Fresco di stampa per i tipi di Einaudi Stile Libero Big,
6.41 è l'ultimo libro dello scrittore francese
Jean-Philippe Blondel. Autore di altri romanzi spesso esauriti in Italia, Blondel sembra aver raggiunto l'apice del successo con questo racconto lungo (sono solo 136 pagine, scritte piuttosto larghe) impreziosito da una copertina che invita all'acquisto.
Cécile è una donna più vicina ai cinquanta che ai quaranta, proprietaria di alcuni negozi e imprenditrice finalmente di successo. Madre di una diciassettenne alla ricerca dell'indipendenza e moglie di un uomo con cui condivide ormai ben poco, Cécile sale sul treno delle 6:41 da Troyes a Parigi Gare del l'Est. È stata dai vecchi genitori per la classica visita, e rientra in città con un senso di frustrazione. Il posto accanto a lei resta libero, anzi no: ecco arrivare un cinquantenne trafelato, che le chiede il permesso di sedersi. È Philippe, certo invecchiato male, ma è sempre Philippe. Venticinque anni prima, nel mezzo degli anni Ottanta, ha avuto una relazione giovanile e breve con lui, finita male in una camera d'albergo di Londra.
Anche Philippe la riconosce, e non sa che cosa fare: salutarla, ignorarla, andarsene?
Il libro è un reseconto, a voci alternate, dei pensieri di Cécile e Philippe; la trascrizione dei ricordi e delle considerazioni di chi è sospinto a fare un bilancio della propria vita da un incontro inaspettato e soprattutto indesiderato. Non è un libro che ci cambia la vita, piuttosto un libro che ci mostra
come cambia la vita.
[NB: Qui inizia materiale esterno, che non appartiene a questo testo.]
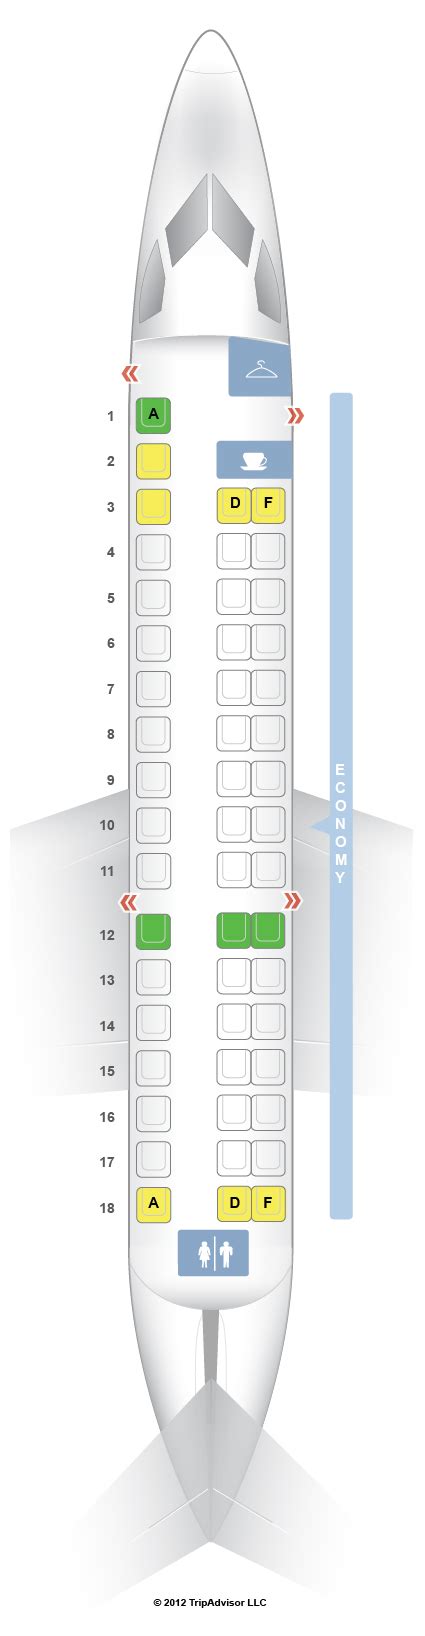 Erj 145 seat map. Economy. Seats 50. Pitch 31". Width 17". Recline 3". Travelers aboard Air Peace's Embraer ERJ 145 in economy class can expect a functional environment. Tailored for regional routes and 50 passengers, it offers essential amenities for a short-haul journey. The crew is ensuring a satisfactory flight experience.

Molto europeo, tendente ad esasperare un fatto piuttosto banale come la fine di un rapporto post-adolescenziale. Verrebbe da consigliare ai due protagonisti di pensare ai veri problemi, perché non si può serbare rancore per una scemenza simile.
O forse sì, probabilmente succede ogni giorno. Il libro si chiude con una scena vagamente stereotipata e, ancora una volta, taaaaaanto francese ed esistenzialista.
Complessivamente un buon romanzo, da leggere senza troppe pretese di profondità. Un romanzo da pendolare, ecco.